Church in ruins, Kilkeeran, Co. Mayo
Co. Mayo |
Churches & Chapels
On the western shore of Lough Carra in County Mayo, a low rectangular outline sits in ordinary pasture, its walls so thoroughly grass-covered that the structure reads more as a slight thickening of the ground than as a building.
It is easy to walk past without registering what you are looking at. A stone field fence, built at some unknown later date, runs directly over the southern wall, treating the ancient masonry as convenient raw material or simply as a convenient line in the landscape.
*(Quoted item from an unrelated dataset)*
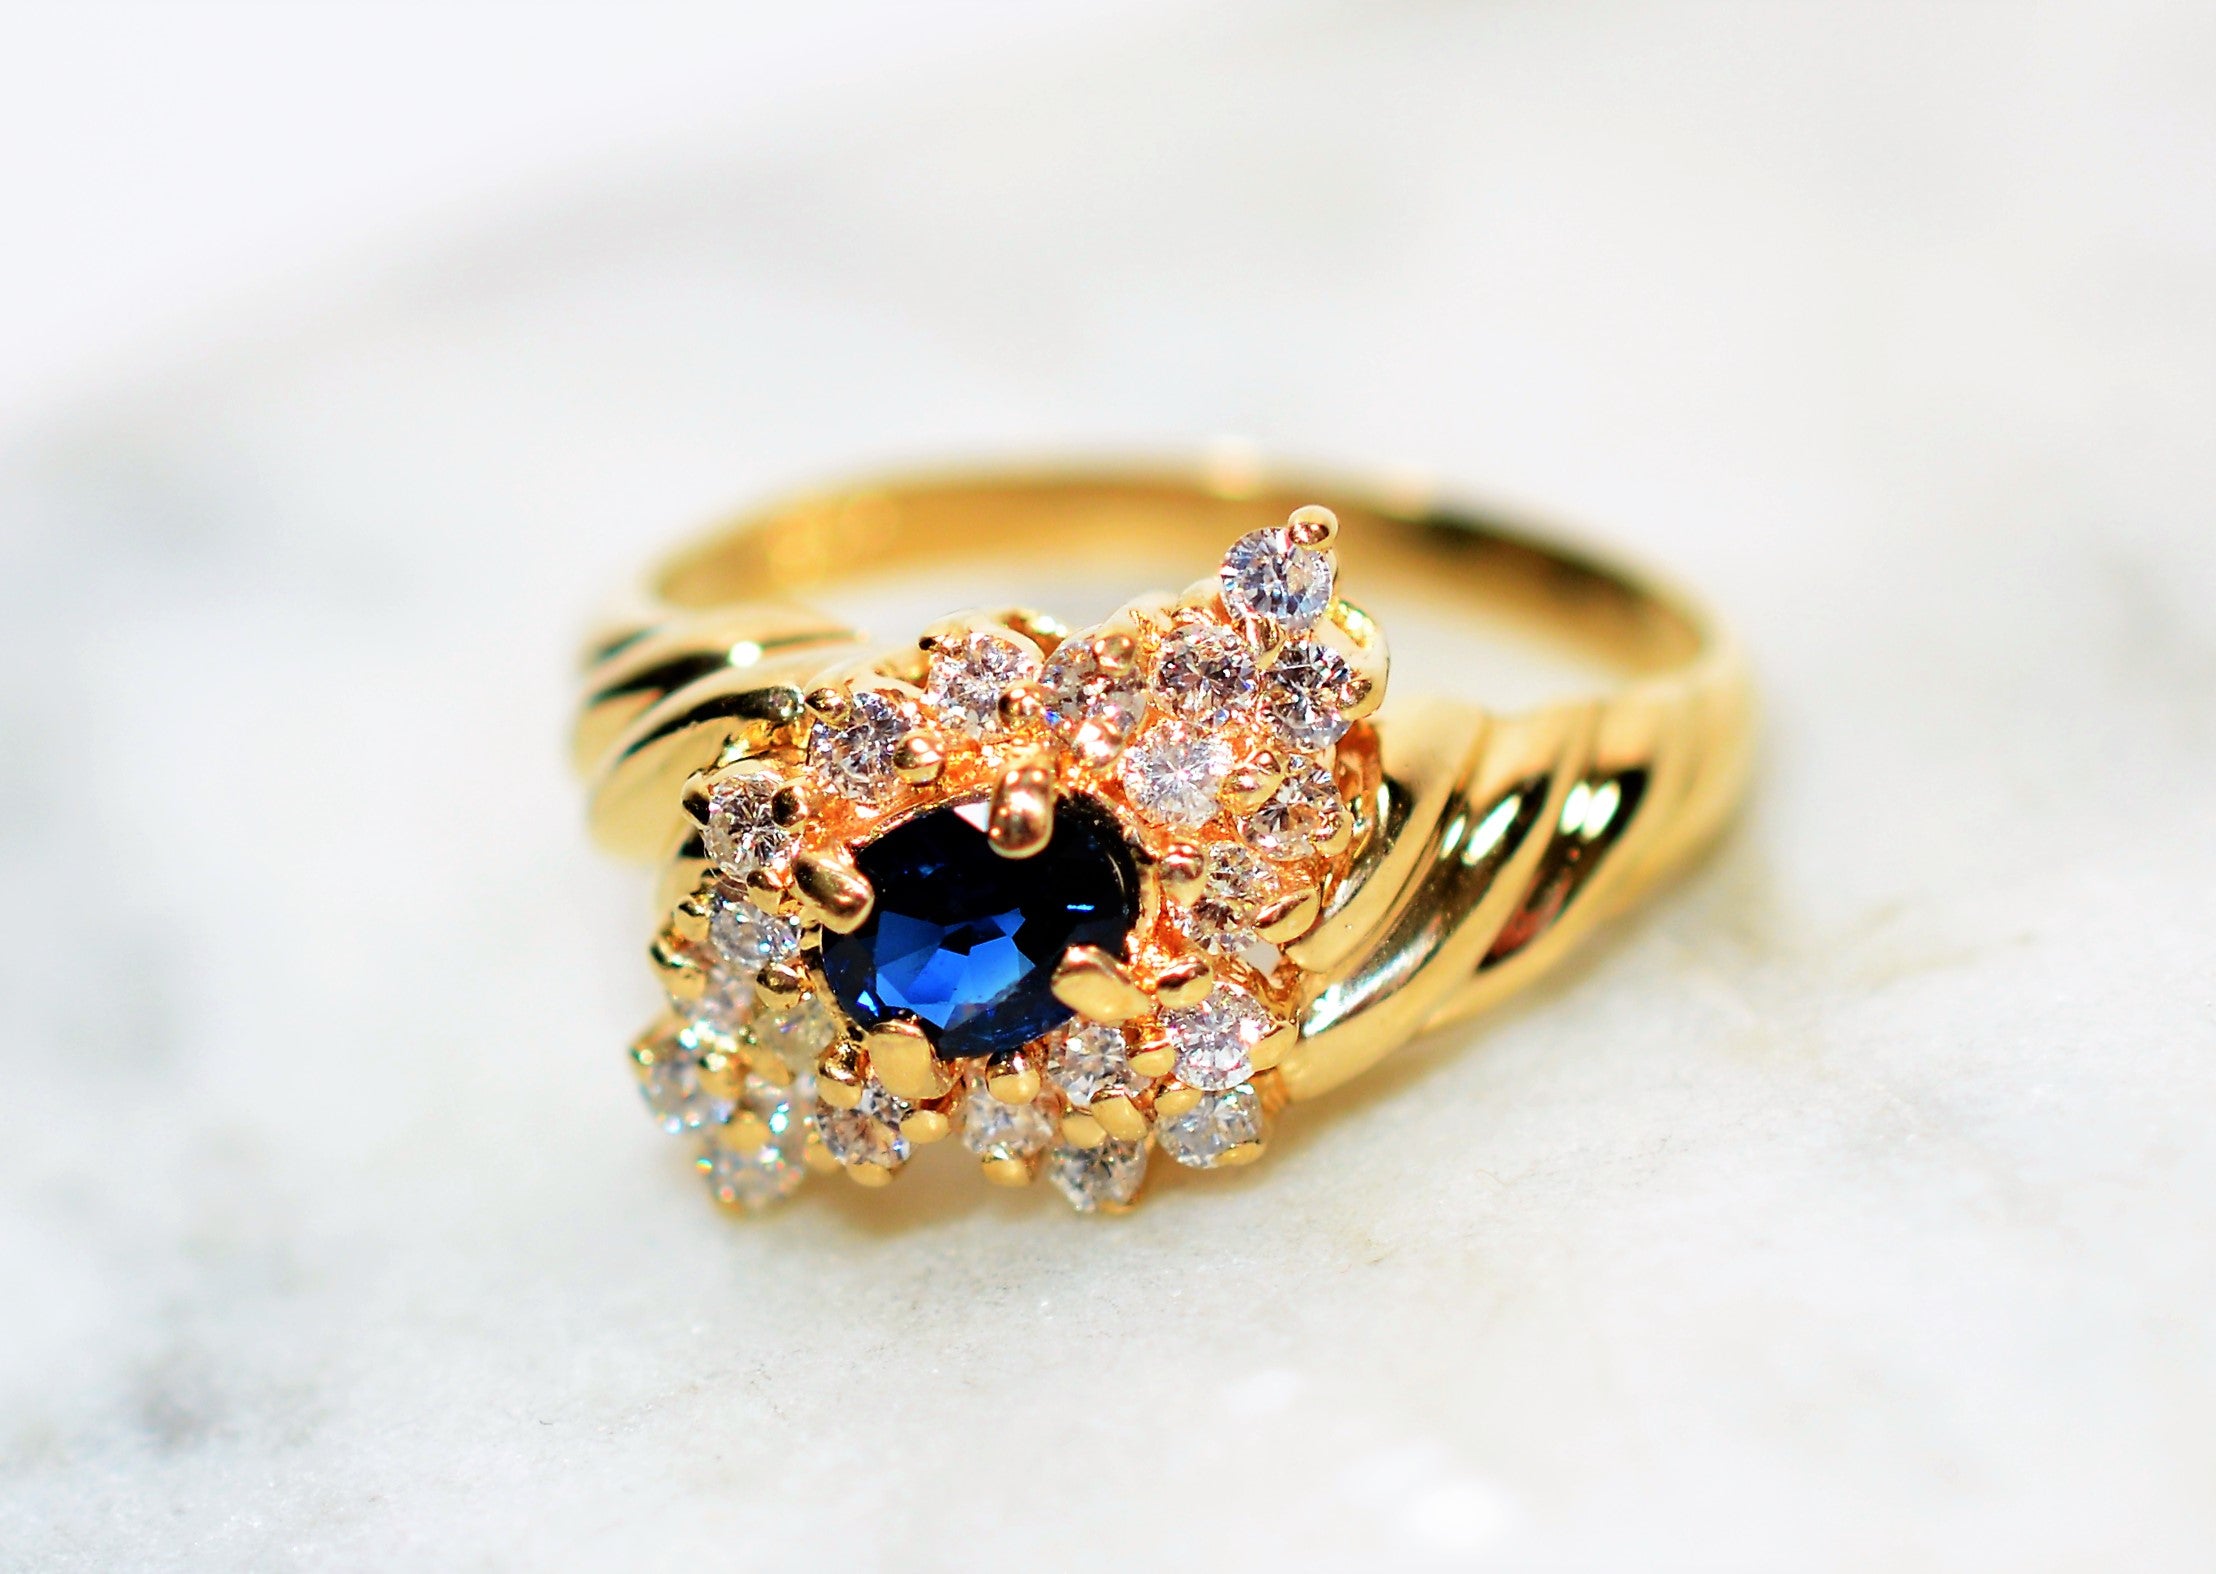 Natural Blue Sapphire & Diamond Ring 14K Solid Gold .76tcw Cluster Ring Vintage Ring Statement Ring September Birthstone Womens Ring Jewelry

The foundations measure roughly 14.8 metres long and 7.7 metres wide, the proportions of a small, unenclosed church. A second church site lies approximately 200 metres to the southwest, suggesting this part of the Lough Carra shoreline once supported more ecclesiastical activity than the quiet grazing land now implies. Lough Carra itself is a shallow limestone lake, its clarity and pale marl bed giving it a distinctive milky appearance quite unlike the darker lakes of Connacht, and the gentle east-facing slope on which these ruins sit would have offered any early community both light and a view across the water. The site is recorded in a 1994 archaeological survey of the Ballinrobe district compiled by D. Lavelle, which places it within a broader pattern of early Christian and medieval remains scattered around the lake's margins.